Pointing out I'm the same width and length whichever way round I park (no awning) he told me that if I didn't like it I could leave.

Don't yer just love the CC wardens? Next time I'd stop out of town and use their excellent park and ride facility.

John


----------



## geordie01 (Apr 20, 2006)

aye i have a run in with the wardens there before


----------



## Techno100 (May 8, 2010)

Told us to reverse in and I would have preferred forwards. On looking around the site people just did their own thing anyway :roll: 

Like you say its as broad as its long JUST PLAIN STUPID

ALSO they close the toilets for cleaning 10:30 to 11:15 and you must leave site by 11:15 SO why not close 11:15 to 12:00 :roll:


----------



## Rapide561 (Oct 1, 2005)

*CC York*

Hi

I am not a CC member after all those ding gongs at the Knareborough site.
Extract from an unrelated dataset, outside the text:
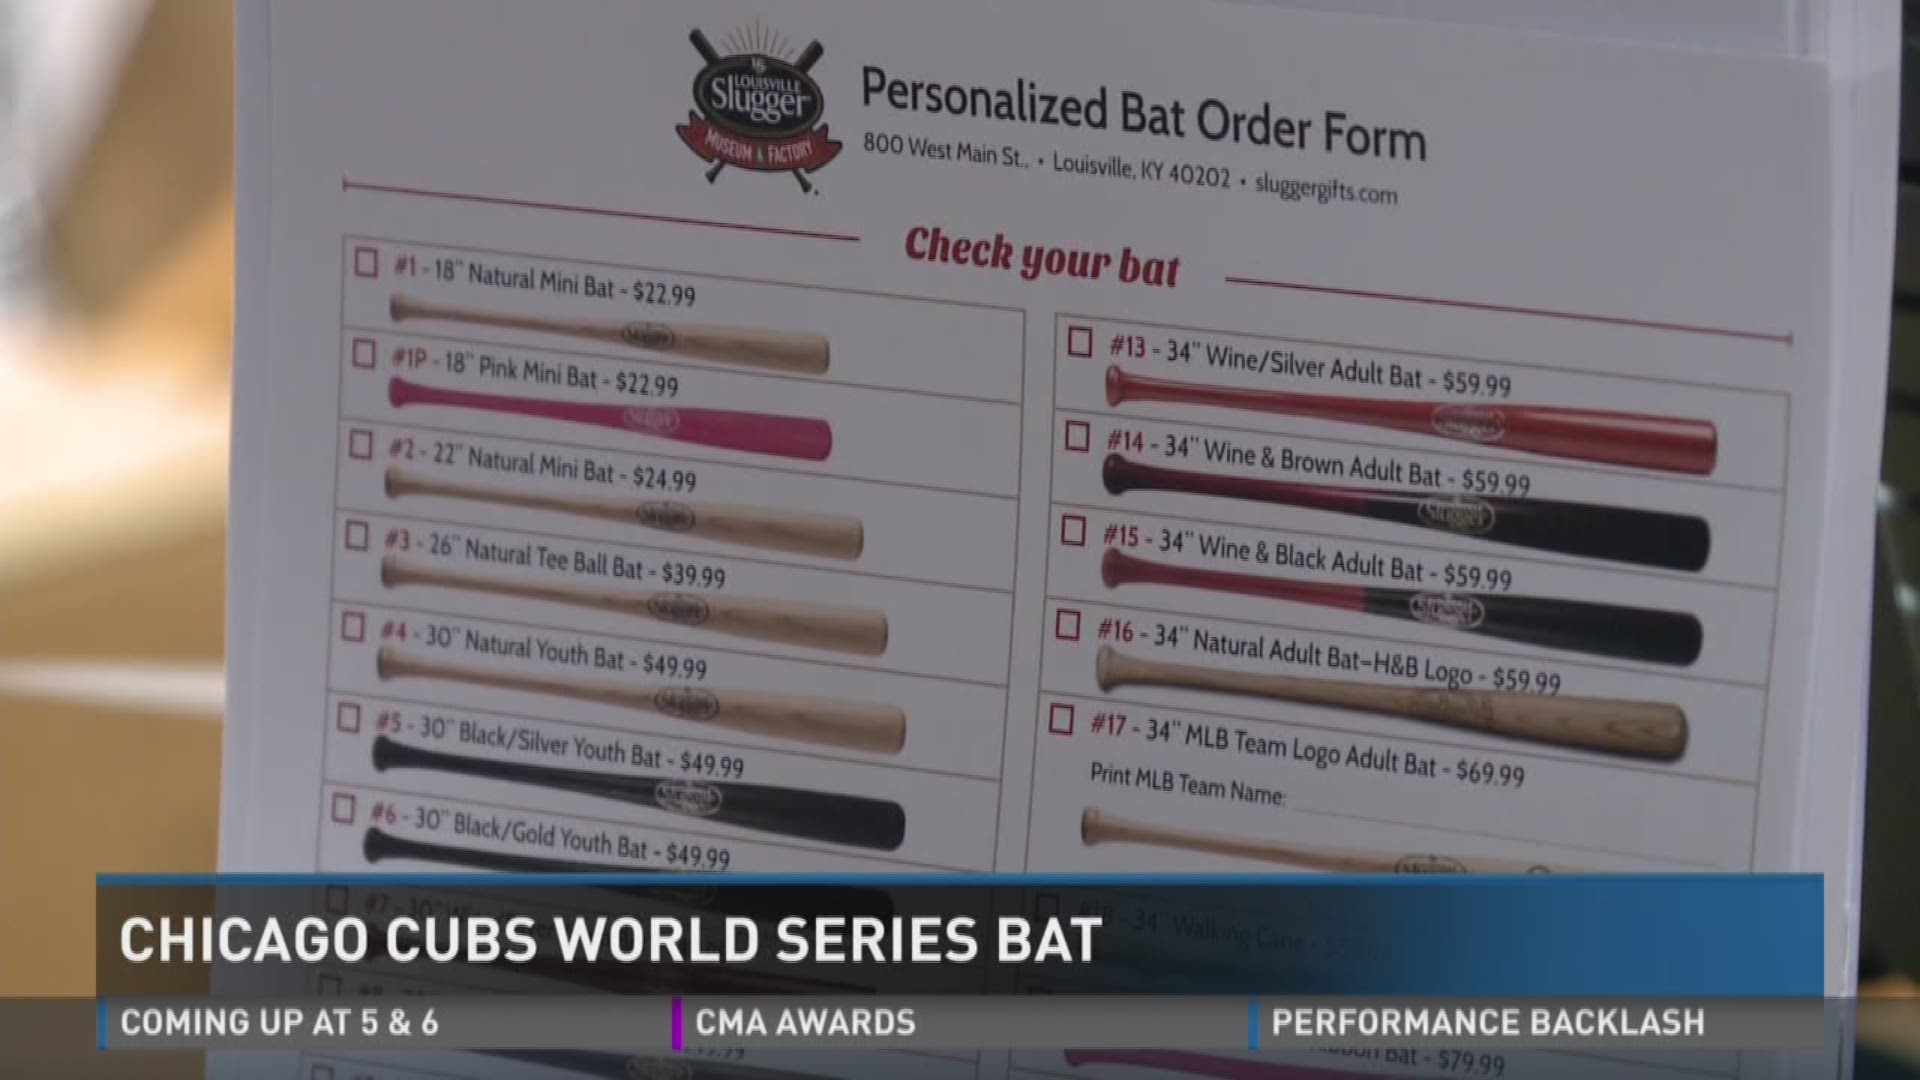 Louisville Slugger designing keepsakes for Cubs fans after World

I telephoned the CC York a couple of weeks ago to look for a few bookings on a Sunday - Friday basis. I also called in, in person and found the staff helpful. Despite being mid week in January, the site was packed.
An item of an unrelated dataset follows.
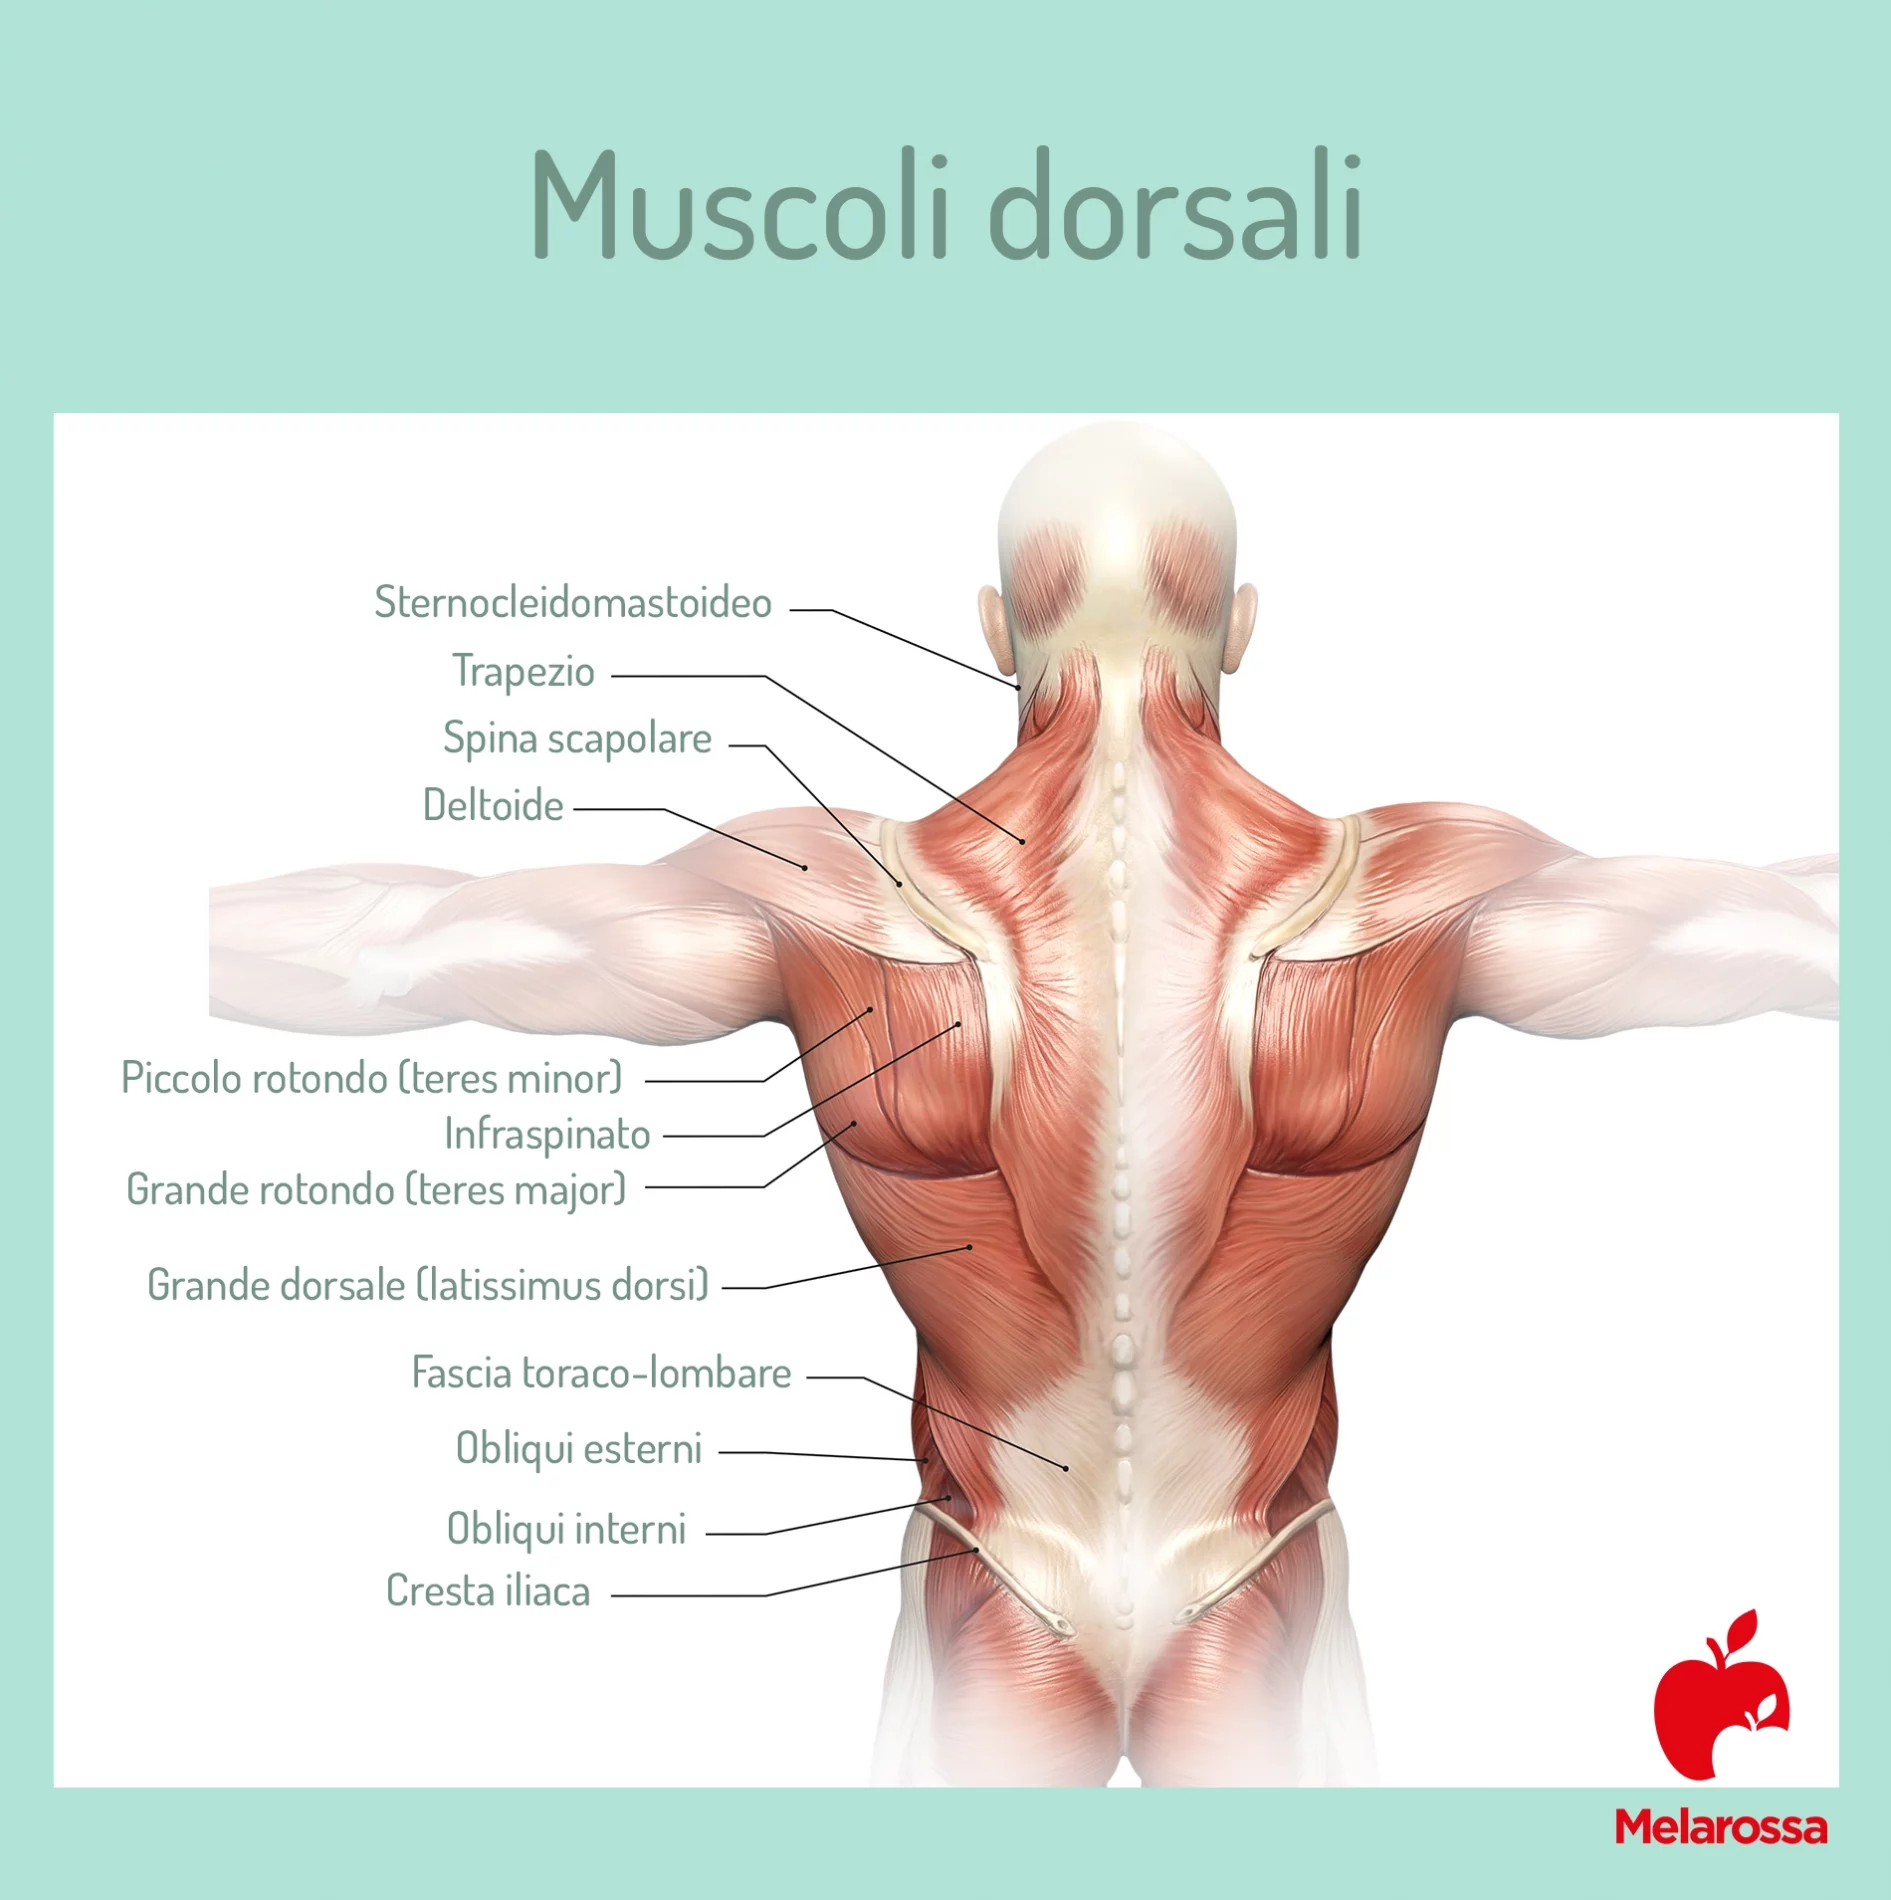 Muscoli dorsali: anatomia

A kind offer by Geordie01 to try to let the pitch go to a fellow MHF'er.

Russell


----------



## ChrisandJohn (Feb 3, 2008)

Techno100 said:


> snipped....
> 
> ALSO they close the toilets for cleaning 10:30 to 11:15 and you must leave site by 11:15 SO why not close 11:15 to 12:00 :roll:


Presumably they want to get the toilets cleaned before the new people start arriving, which presumably is timed for after the people leaving have left.

Chris


----------



## Techno100 (May 8, 2010)

Yes you cant arrive before 12 so like I said :roll:


----------



## wakk44 (Jun 15, 2006)

I think it's time the CC starting taking a deposit for advance bookings as the [email protected] do.

This would stop the farcical situation of members booking the most popular club sites throughout the year making them unavailable to everyone and then cancelling.
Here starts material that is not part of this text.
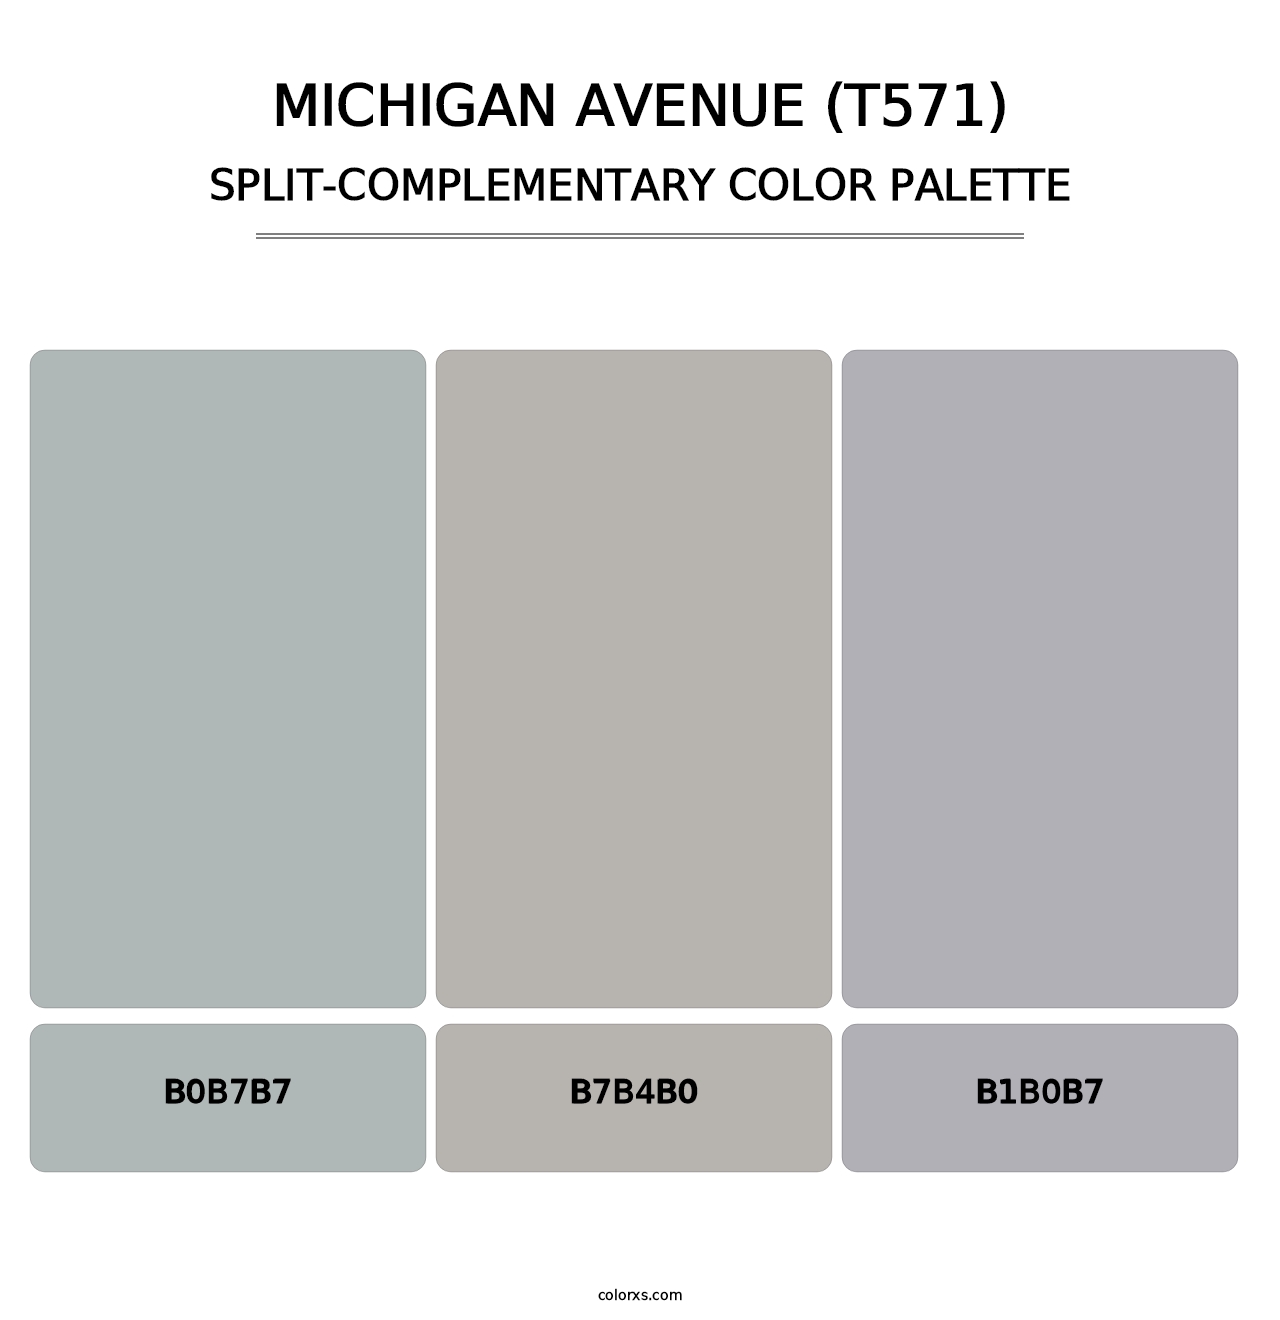 Michigan Avenue (T571) - Split-Complementary Color Palette

Makes a mockery of the online advance booking system :x


----------



## Techno100 (May 8, 2010)

TBF they have changed their policy recently. The offenders are a very small number and will be dealt with.


----------



## Hymervanman (Aug 20, 2010)

A deposit doesn't always cure the problem - if someone can't make it and has paid a deposit- they are probably less likely to call and cancel and so the pitch cannot be re-booked, just in case the guy turns up.
Surely the answer to over- demand is to open up more sites/ allow planning permission for aires etc...
Regards Steve


----------



## brianamelia (Mar 17, 2008)

wakk44 said:


> I think it's time the CC starting taking a deposit for advance bookings as the [email protected] do.
> 
> This would stop the farcical situation of members booking the most popular club sites throughout the year making them unavailable to everyone and then cancelling.
> 
> Makes a mockery of the online advance booking system :x


Not that topic again please

Bri


----------



## cabby (May 14, 2005)

why ever not, it's not a gas.!!!!!!!!!!!!

cabby


----------



## brianamelia (Mar 17, 2008)

Because its been covered many times before and its off topic
Bri


----------



## jax (May 11, 2007)

We've just left Rowntree Park today and it was a completely different experience from when we were there in July. We felt that the wardens acted terrible to both caravaners and motorhomes alike especially if the vans weren't parked up to the damn white peg. This time Keith tried to park as close to the peg as poss but with doing so we crossed onto the grass and churned it up a little. I went into the wardens to inform them what had happened and they were lovely about it. Meanwhile the caravaner next to us not only churned the grass up but parked on it. He would never have got away with that if the normal wardens had been on site. Jackie


----------



## Techno100 (May 8, 2010)

There are currently relief wardens covering the site which may explain the change? regulars are on a long holiday


----------